** Material provided follows **

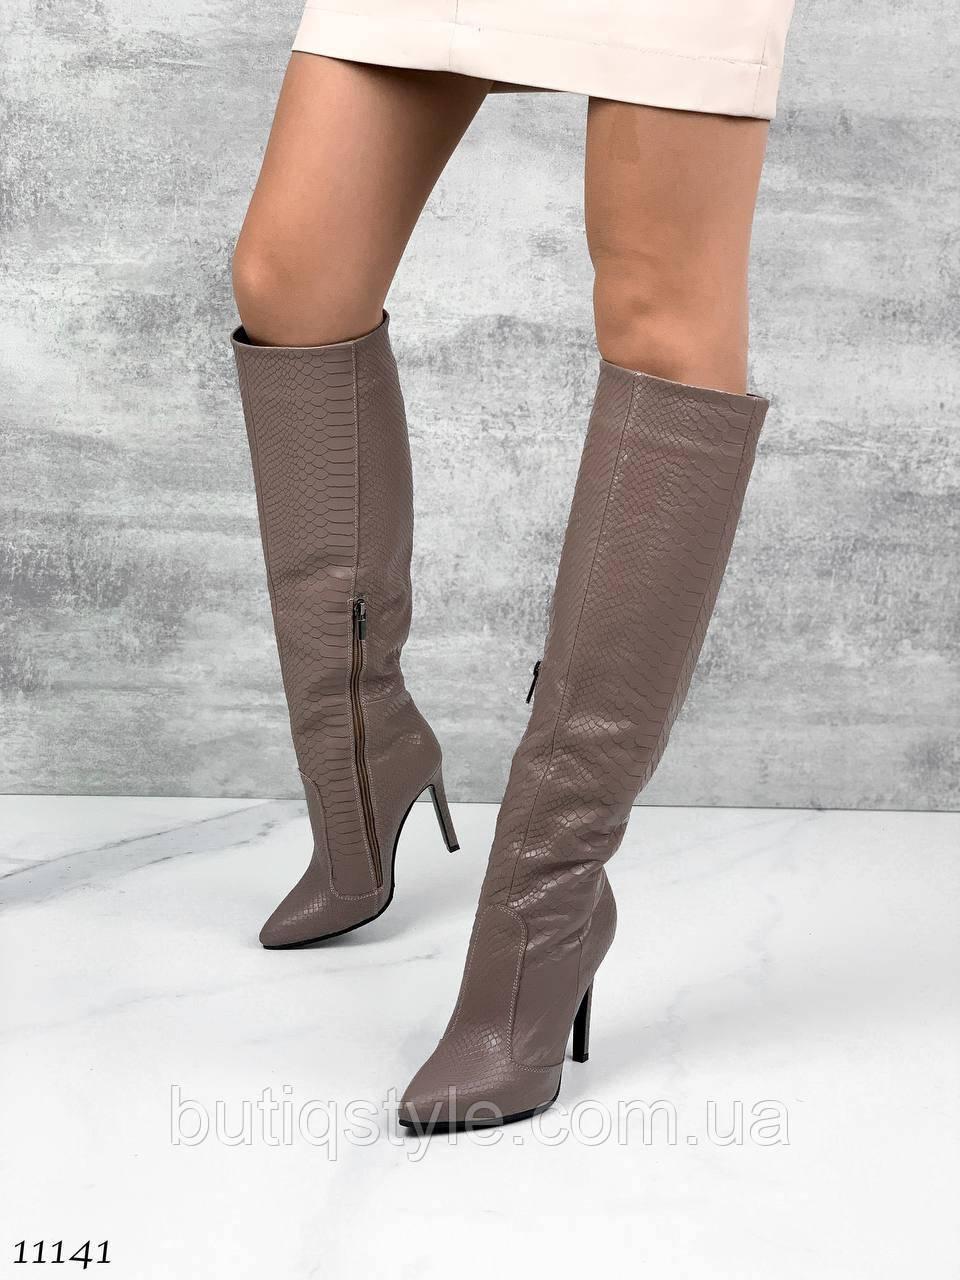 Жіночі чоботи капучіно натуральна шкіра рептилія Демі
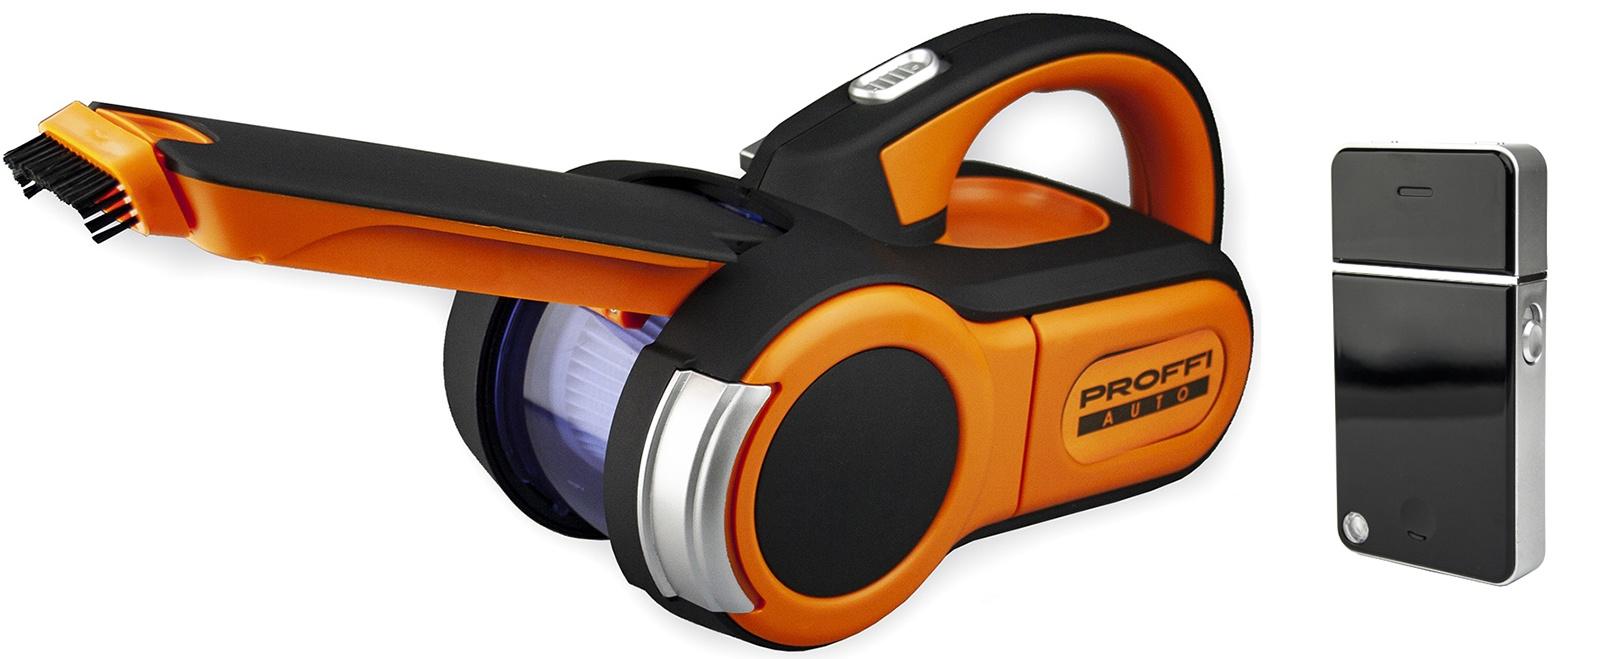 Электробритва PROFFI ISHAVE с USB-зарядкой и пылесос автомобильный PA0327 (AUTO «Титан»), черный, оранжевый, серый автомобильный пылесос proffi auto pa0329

** End of Material provided **
** Material provided follows **

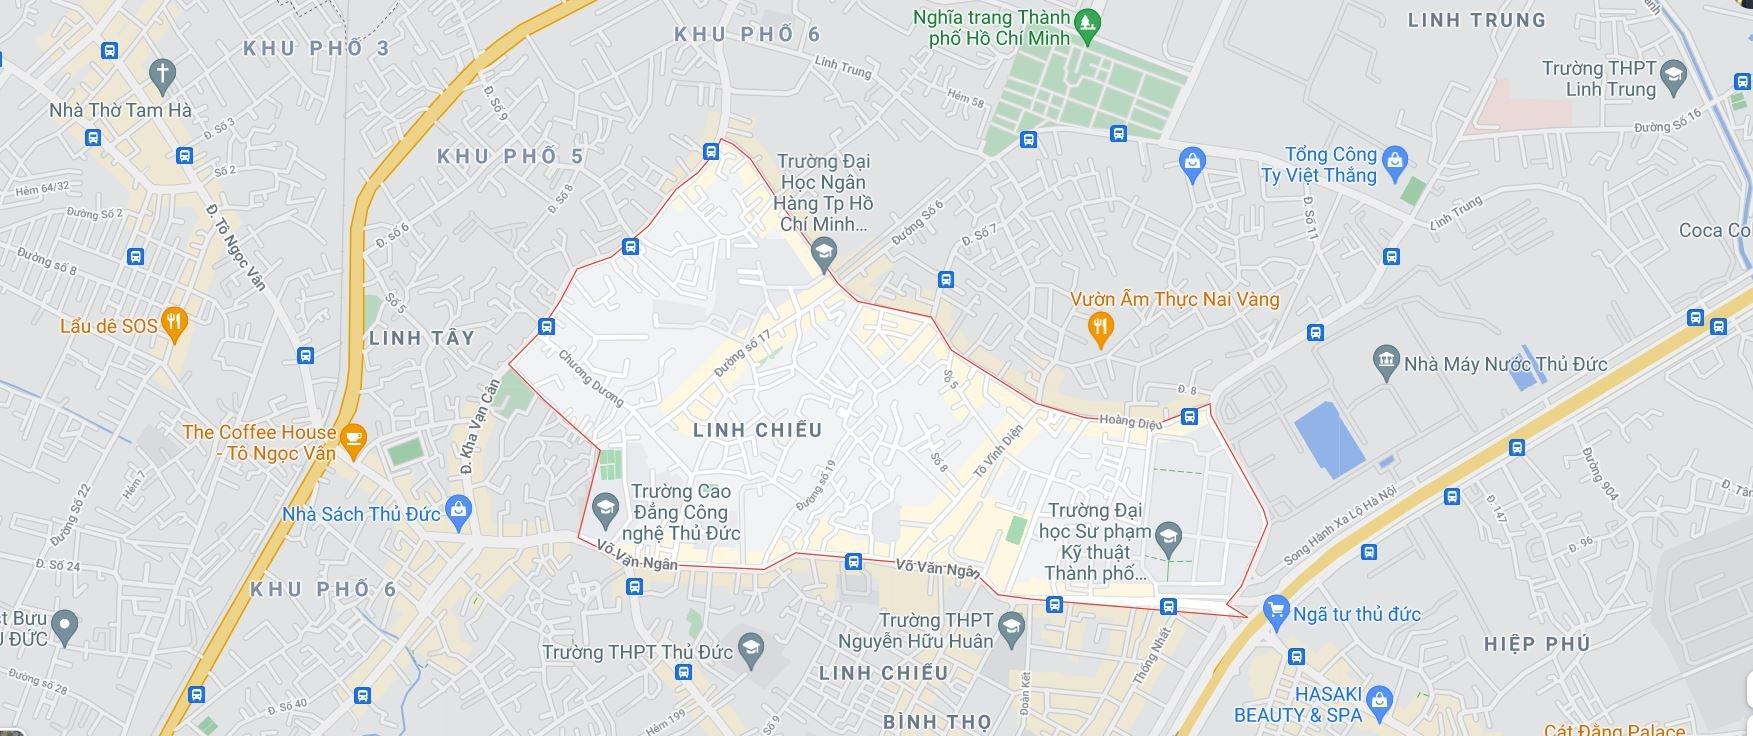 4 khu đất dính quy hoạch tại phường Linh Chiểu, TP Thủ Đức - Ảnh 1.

** End of Material provided **

Given the listing above, repeat exactly the lines starting at the one with "Жіночі чоботи капучіно" and ending at the one with "Электробритва PROFFI ISHAVE", inclusive, excluding pictures.

Result for this exercise
 Жіночі чоботи капучіно натуральна шкіра рептилія Демі
 Электробритва PROFFI ISHAVE с USB-зарядкой и пылесос автомобильный PA0327 (AUTO «Титан»), черный, оранжевый, серый автомобильный пылесос proffi auto pa0329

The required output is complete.